The New Age and Holistic Health industries are already tainted somewhat and have lost a bit of respect due to their share of con-artists, snake-oil salesmen and unqualified or unethical “practitioners”. Although not perfect, compliance is voluntary and there is no enforcement body (yet), these basic principles and pledge, is a good ethic guide to start with, for anyone looking at getting into this growing new field of psychedelic-assisted therapy, coaching or guiding.

North Star is a relatively new ethical trade association for the psychedelic field. They recently announced their ethics pledge as a guide and set of principles for the psychedelic industry. Below are the main sections of their ethics pledge which can serve as a guide for anyone setting out in this new industry of psychedelic-assisted therapy, coaching or guiding. More information about North Star, the full pledge and some “possible actions” for each pledge, can be found here.

(1) Start Within

  • I pledge to ground my work in the field with work on myself, and to treat personal growth as a lifelong process.

(2) Study The Traditions

  • I pledge to grow my knowledge of the history of psychedelics and their many traditions of use, in a good-faith effort to appreciate both the potential of these substances and the conflict and complexity surrounding them.

(3) Build Trust

  • I pledge to invest in building trust in my relationships across the psychedelic field, and repair trust where possible.

(4) Consider the Gravity

  • I pledge to consider the implications of the choices that I make, understanding the potential consequences of unethical behavior to individuals, communities, and the psychedelic field at large.

(5) Focus on Process

  • I pledge to make the process as important as the outcome, letting the future I hope to see guide the approach I take in getting there.

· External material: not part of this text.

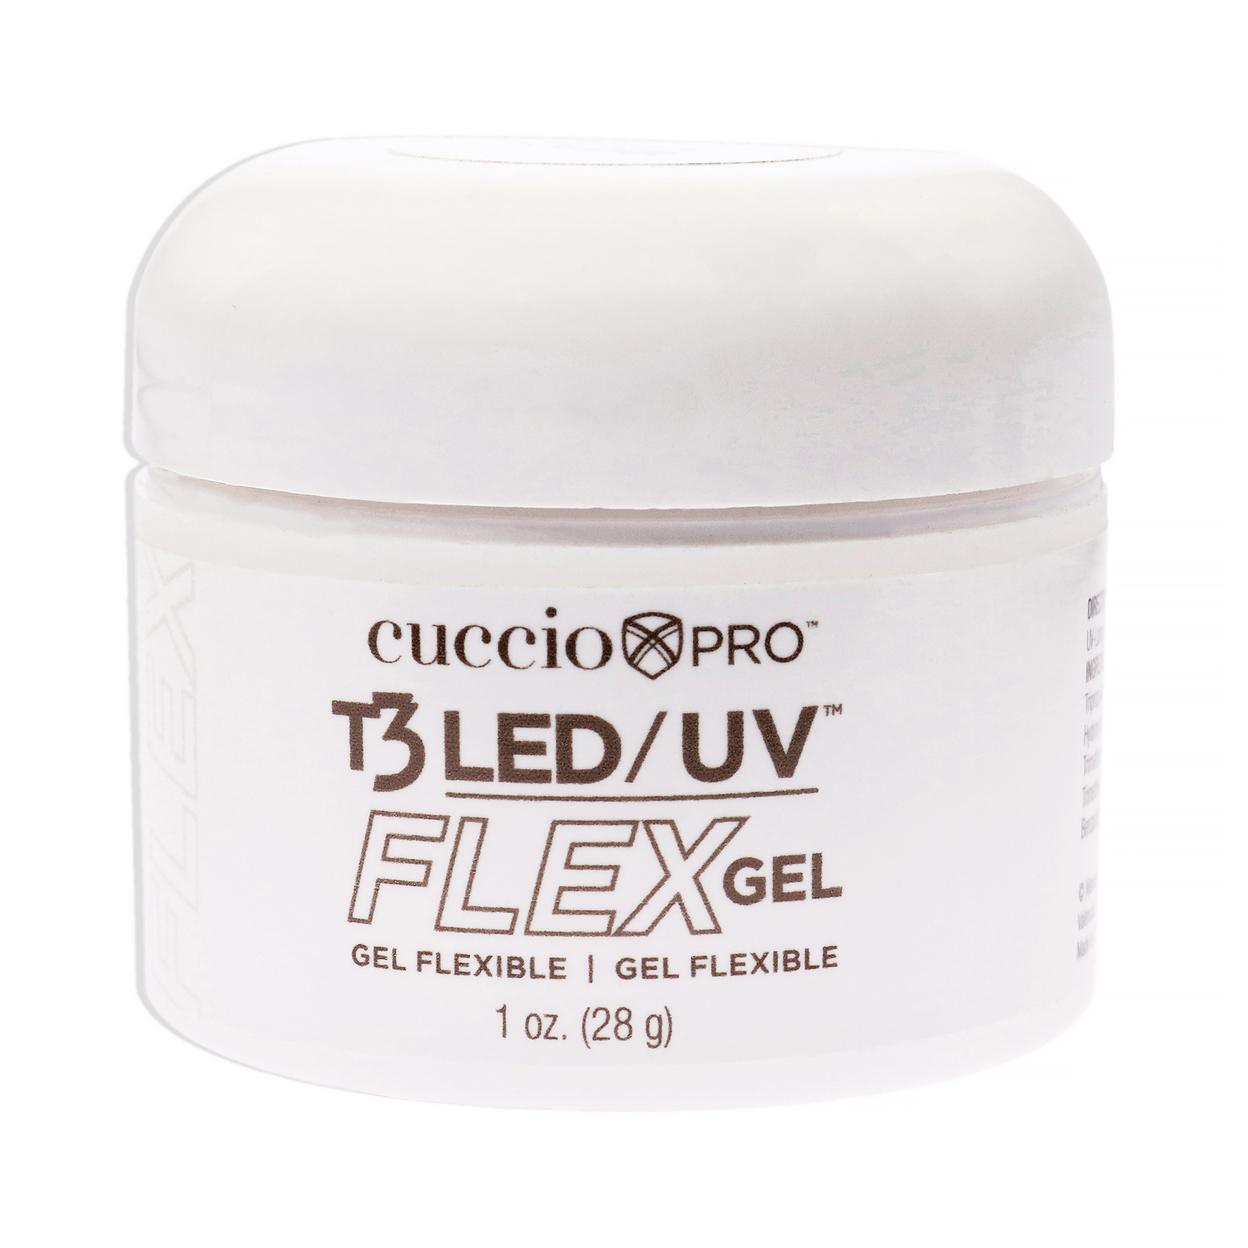 Cuccio Pro T3 LED-UV Flex Gel - Clear Nail Gel 1 Oz

(6) Create Equality & Justice

  • I pledge to actively take steps to make the world more equitable and just.

(7) Pay It Forward

  • I pledge to support the flourishing of the psychedelic field and the communities in which I work, and to give back should my work lead to personal gain.

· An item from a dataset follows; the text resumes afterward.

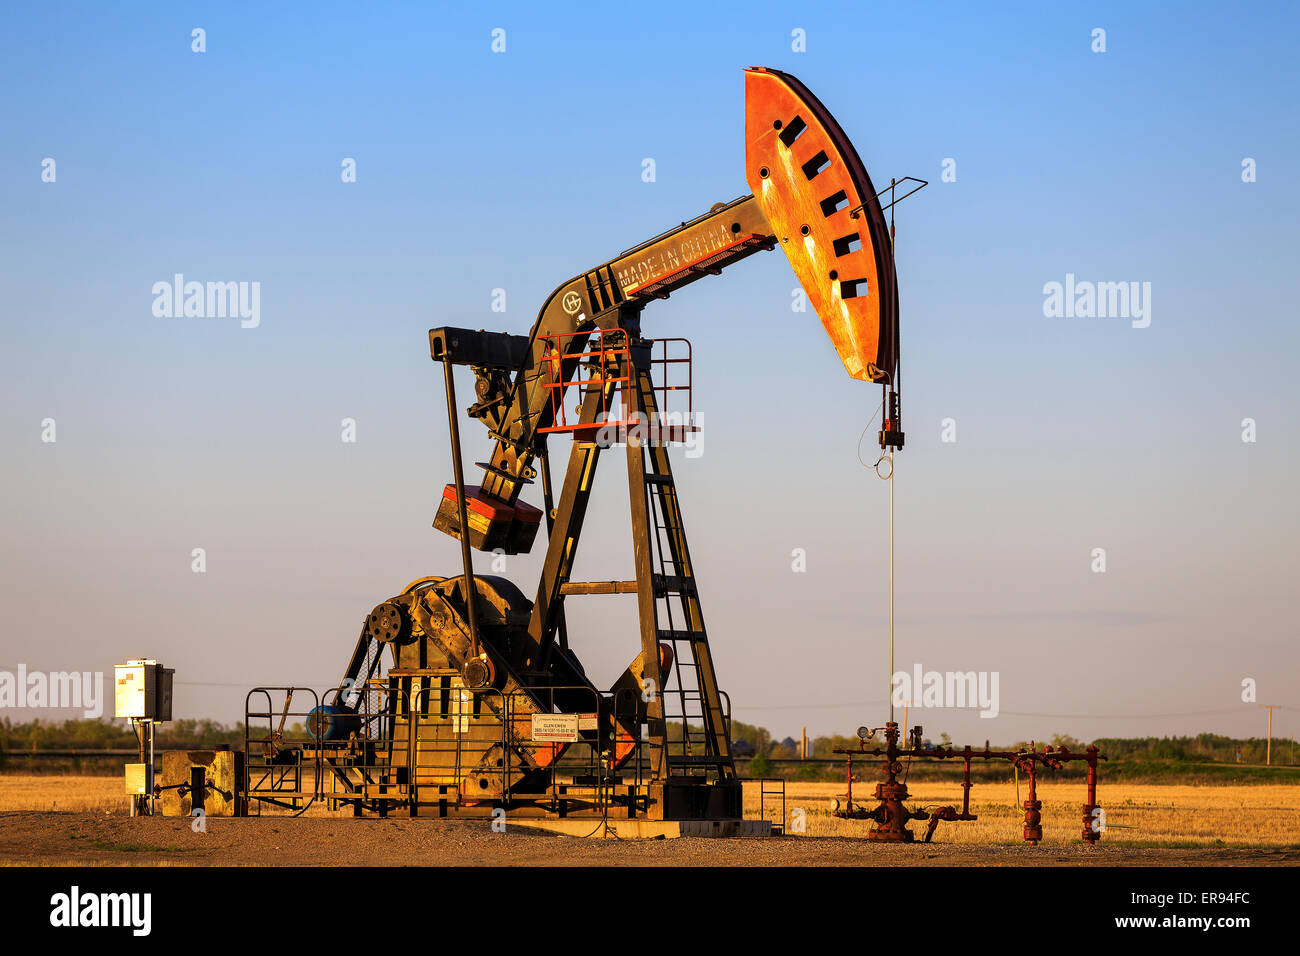 La bomba de aceite en el gato Bakken campo petrolífero, cerca de Estevan, Saskatchewan, Canadá Foto de stock

A Jolly Mystic Dude and Old Hippie. At 15 I was introduced to spirituality, shamanic practices and non-ordinary states of consciousness through the writing of Carlos Castaneda. Those teachings and practices not only provided psychological tools to help me survive early childhood abuse, trauma and mental illness, but laid the foundation for a life-long curiosity about spirituality, non-ordinary consciousness and psychedelics. Those early experiences with psychedelics and a transformational near-death experience at 24, solidified my interest in psychology and consciousness to where I began to pursue formal studies at 25. I have an academic background in neuropsychology, applied statistics & research, spirituality, consciousness and transpersonal psychology as well as decades of business technology experience. I hope to combine the wisdom of personal experiences with my education and studies into spirituality, consciousness, transpersonal psychology and technology, in the support of others on their journey’s of healing, wellness, spiritual growth and transformation. I am also hoping to engage with and support major research organizations in spreading awareness of and the science behind, psychedelic medicines.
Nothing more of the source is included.